Common Mistakes to Avoid
Jumping into code without a plan. Spend the first five minutes of an algorithm interview understanding the problem, working through examples, and outlining your approach. The interviewer would rather see you think for five minutes and code for twenty than code for twenty-five and debug for twenty.
Memorizing solutions instead of understanding patterns. If you cannot explain why a solution works, you will fail on any variation the interviewer throws at you.
Ignoring trade-offs in system design. Every decision has a cost. If you choose a NoSQL database, explain what you are giving up. If you add a cache, discuss invalidation. Interviewers want to see that you think critically, not that you recite a textbook architecture.
Not communicating. Silence is the enemy. Even if you are stuck, verbalize what you are considering and what is not working. Interviewers frequently give hints, but only if they can see where you are in your thought process.
Tools and Resources
- LeetCode — the gold standard for algorithm practice. Focus on the "Top Interview 150" and "Blind 75" lists.
- NeetCode — excellent video explanations organized by pattern.
- Designing Data-Intensive Applications by Martin Kleppmann — the best single resource for system design fundamentals.
- System Design Interview by Alex Xu — practical walkthroughs of common design questions.
- Excalidraw — practice drawing system diagrams quickly and cleanly.
- Pramp or Interviewing.io — free or low-cost mock interviews with real engineers.
FAQ
How long should I prepare before applying?
Most people need eight to twelve weeks of consistent practice (one to two hours per day) to feel confident. If you have a strong CS background and recent practice, four to six weeks may suffice.
Should I study algorithms or system design first?
Start with algorithms. They have a steeper learning curve, and the skills compound over time. Layer in system design during the second half of your prep when you are comfortable with algorithm patterns.
What programming language should I use?
Use whatever language you are most fluent in. Python is popular for its brevity. Java and C++ are also common. The language matters far less than your ability to write clean, correct code quickly.
How many LeetCode problems should I solve?
Quality matters more than quantity. Solving 100 to 150 problems across all major patterns with deep understanding will serve you better than rushing through 400 problems superficially.
Do I need to know specific technologies for system design?
You do not need to be an expert in any single technology, but you should know the categories — when to use a relational database vs. a document store, when to use Redis vs. Memcached, when Kafka is appropriate vs. a simple task queue. Speak in terms of trade-offs, not brand loyalty.

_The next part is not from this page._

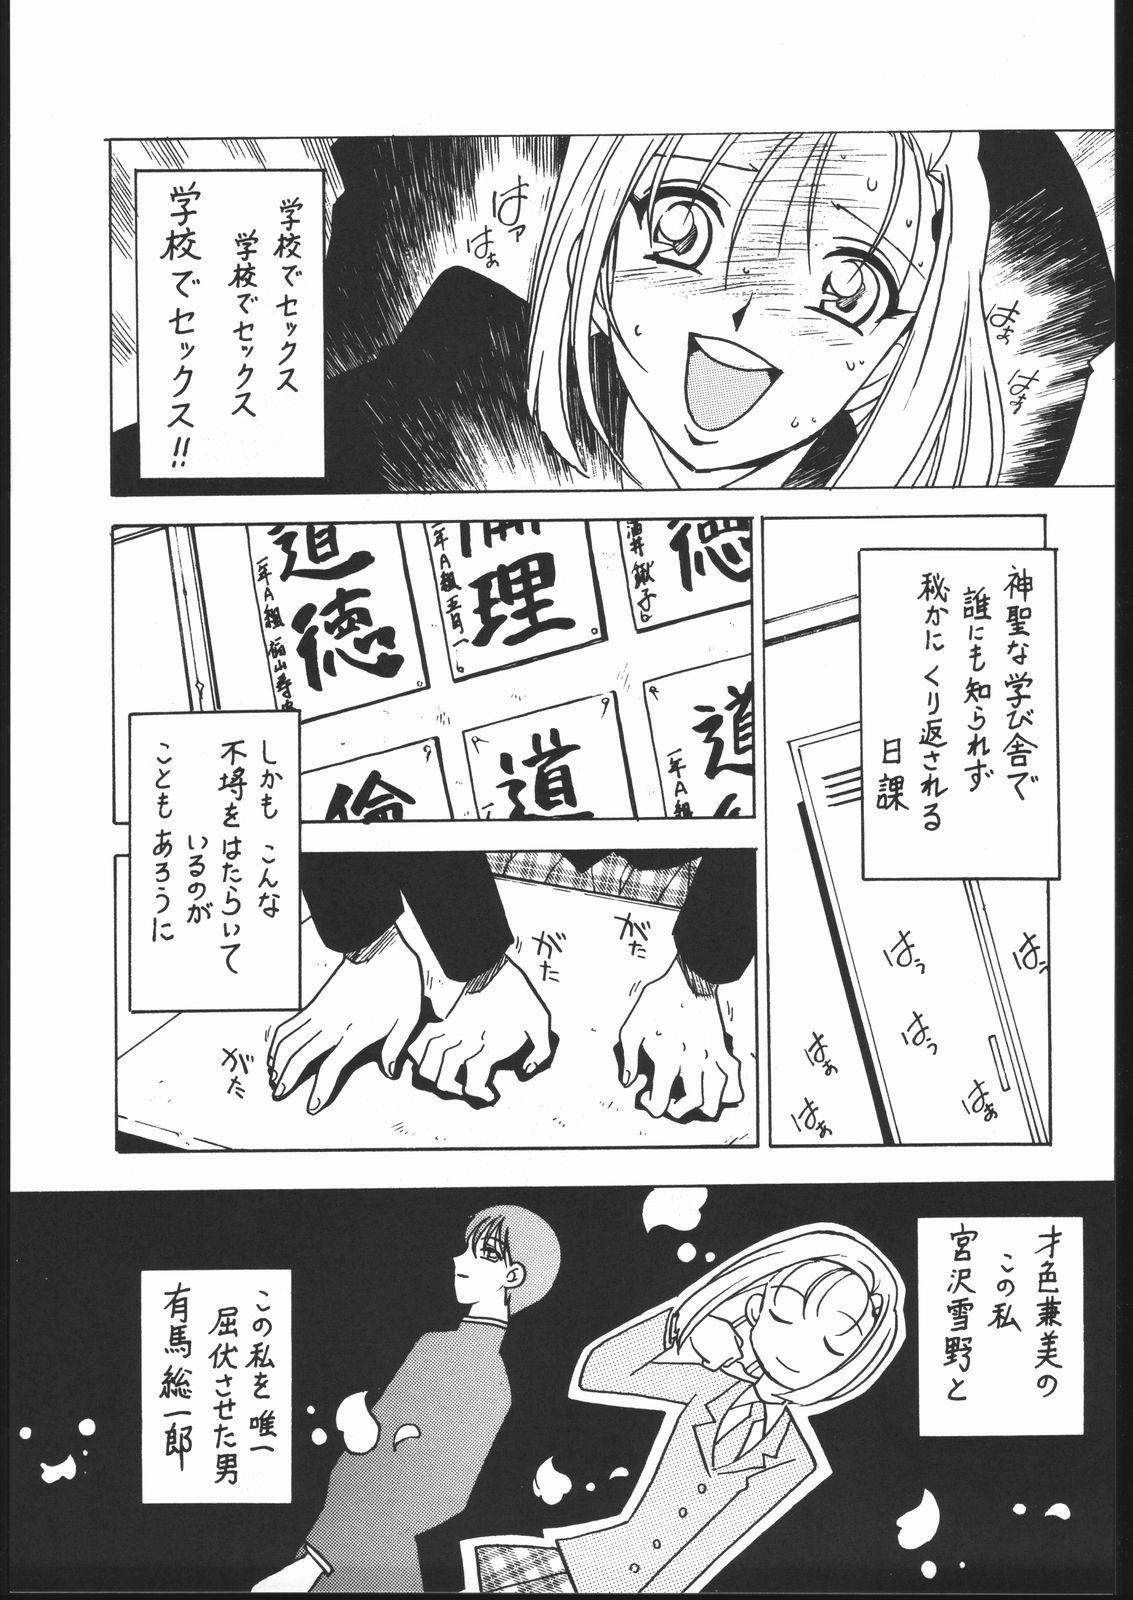 Pov Blowjob Kyouakuteki Shidou Vol. 10 Junbigou - Kare kano Handjobs - Page 4

What if I get stuck during an interview?
First, restate the problem in your own words. Then try a brute-force approach — even if it is inefficient, it shows you understand the problem. From there, look for opportunities to optimize. Ask the interviewer for a hint if you have been stuck for more than a few minutes. Interviewers expect this and it is far better than sitting in silence.

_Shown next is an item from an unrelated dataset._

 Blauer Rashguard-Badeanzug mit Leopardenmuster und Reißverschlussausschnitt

Are system design interviews only for senior engineers?
Many companies now include system design at the mid-level as well, though the expectations are different. Mid-level candidates are expected to design a reasonable high-level architecture. Senior and staff candidates are expected to dive deep into specific components, discuss failure scenarios, and make nuanced trade-off decisions.
Technical interviews are a skill, and like any skill, they improve with deliberate practice. Focus on patterns over problems, trade-offs over memorization, and communication over silent brilliance. The engineers who prepare systematically are the ones who get offers.